Disseminated Gastrointestinal Kaposi Sarcoma

Busara Songtanin1*, Dauod Arif2 and Kanak Das3

1Texas Tech University Health Sciences Center, Department of Internal Medicine, Lubbock, TX

2Texas Tech University Health Sciences Center, Department of Pathology, Lubbock, TX

3University Medical Center, Department of Gastroenterology, Lubbock, TX

*Corresponding author: Busara Songtanin, Texas Tech University Health Sciences Center, Department of Internal Medicine, Lubbock, TX. E-mail:

Received: November 17, 2022; Accepted: November 28, 2022; Published: December 15, 2022

Citation: Songtanin B, Arif D, Das K. Disseminated Gastrointestinal Kaposi Sarcoma. Clin Image Case Rep J. 2022; 4(12): 281.

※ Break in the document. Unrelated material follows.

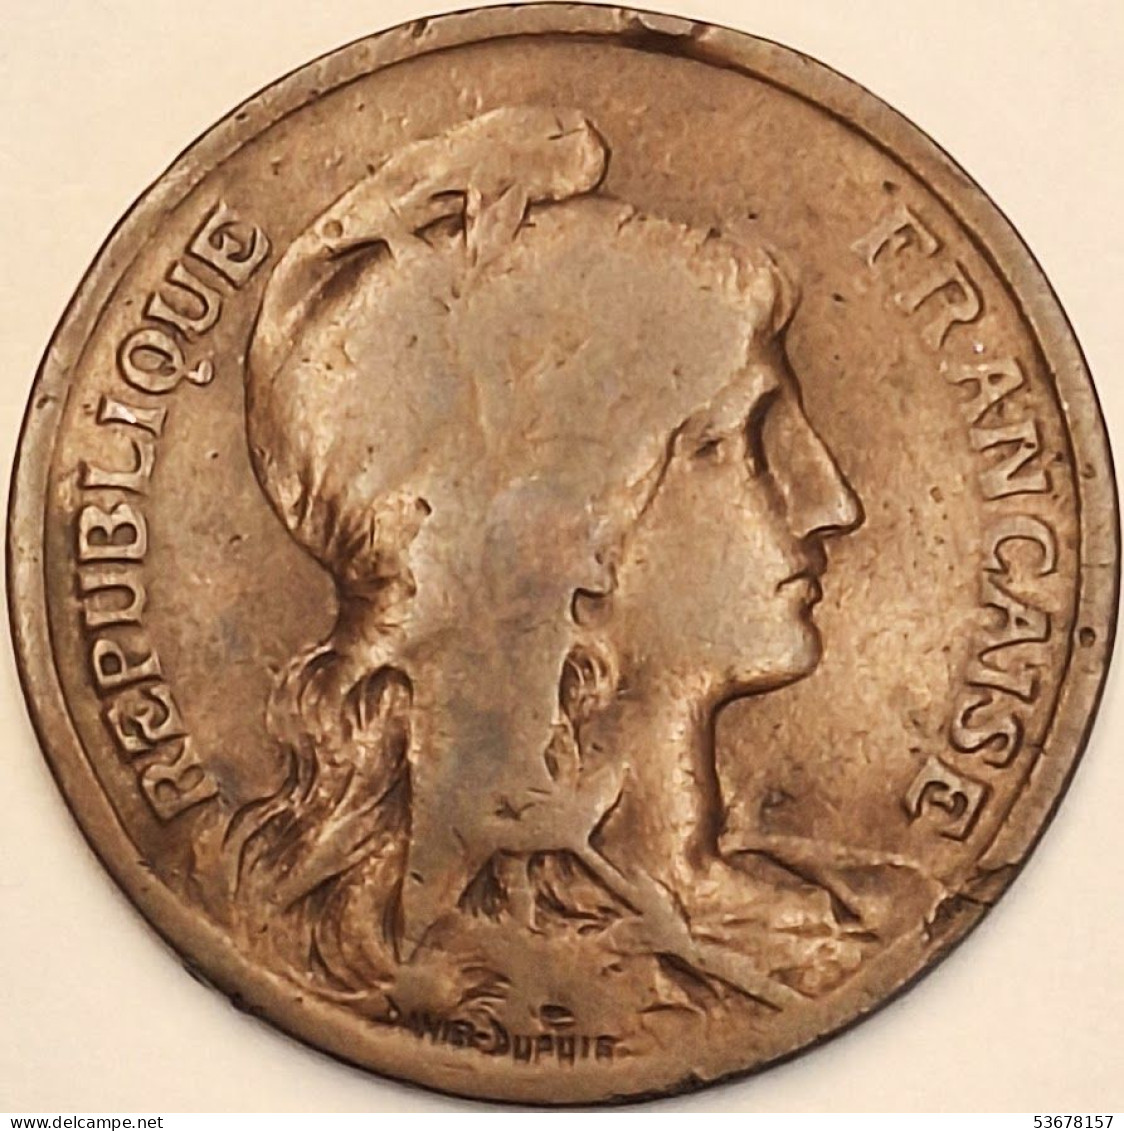 France - 10 Centimes 1916, KM# 843 (#3985) - 10 Centimes
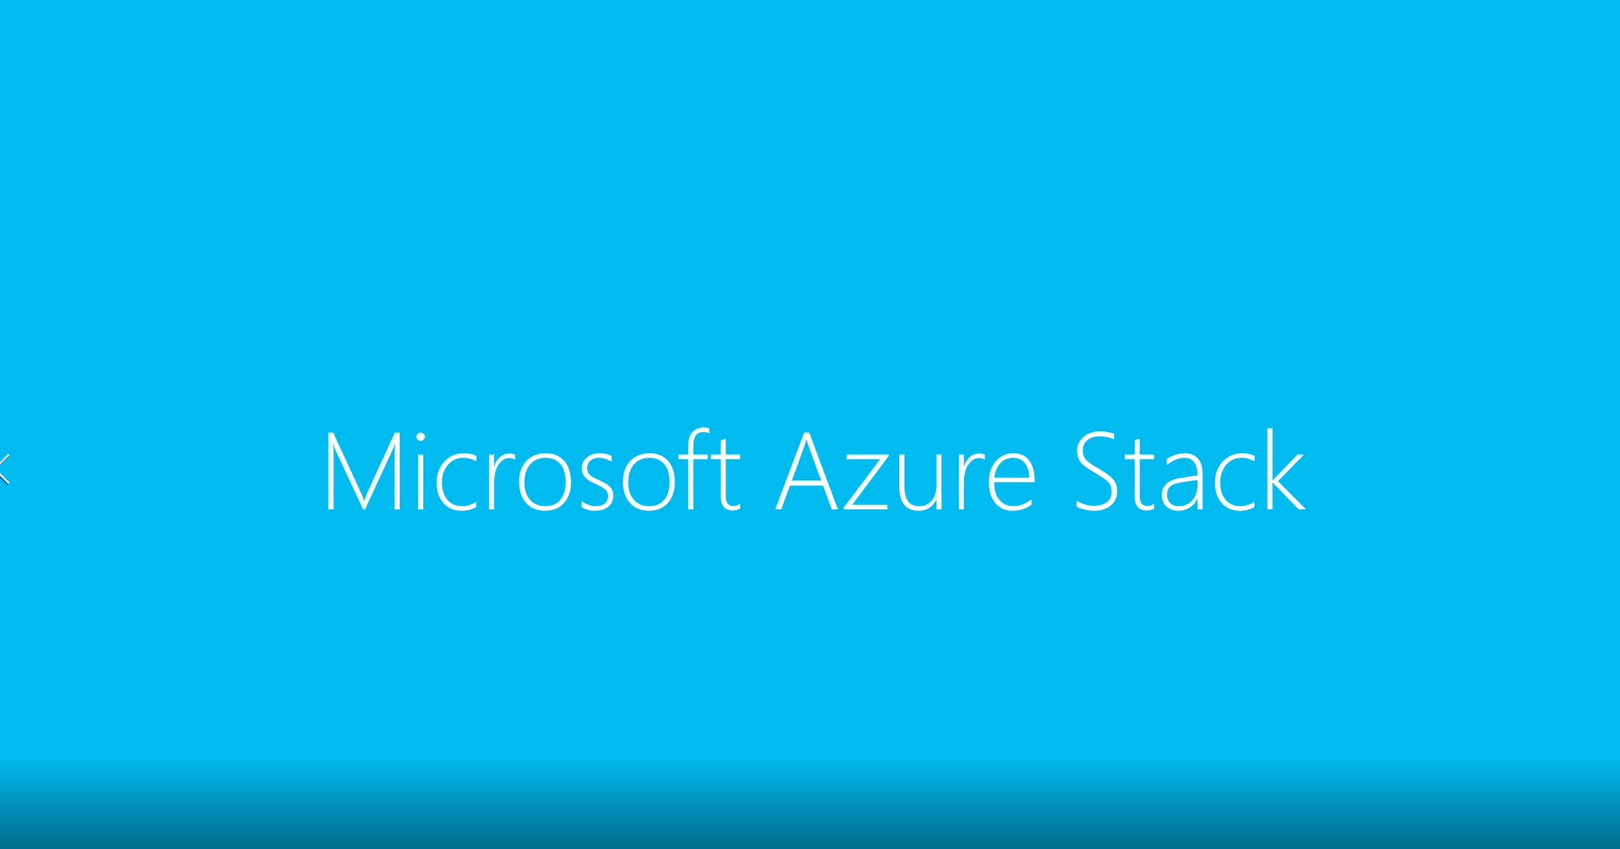 Microsoft Azure Stack Logo - Benefits of Azure Stack

Disseminated Gastrointestinal Kaposi Sarcoma

A 25-year-old man presented to the emergency department with hematochezia. He denied abdominal pain, nausea, and vomiting. He had a history of HIV diagnosed 7 years ago but had been lost to follow up. Physical examination revealed multiple, violaceous nodules on his skin and palate. There was a mass in his anal canal which bled on contact. Laboratory results revealed a hemoglobin of 6.4 g/dL and CD4 count of 40 cells/mm3

Esophagogastroduodenoscopy revealed several violaceous nodular lesions on the soft and hard palate and in the mid esophagus and a 15mm highly vascularized polypoid lesion at gastric antrum (Figure 1). Colonoscopy revealed numerous nodular, hemorrhagic, erythematous masses, in a circumferential distribution which blocked the rectum (Figure 2). Histopathology of the anorectal lesion revealed a spindle cell neoplasm positive for CD31 and human herpes virus 8 on immunohistochemical staining consistent with Kaposi sarcoma (Figure 3 and 4). The patient was not started on anti-retroviral therapy due to concern of immune reconstitution inflammatory syndrome; he subsequently died with multiorgan failure. Even though the incidence of Kaposi sarcoma has decreased with the current treatment for HIV, Kaposi sarcoma should be included in differential diagnosis of nodules in the gastrointestinal tract in these patients [1].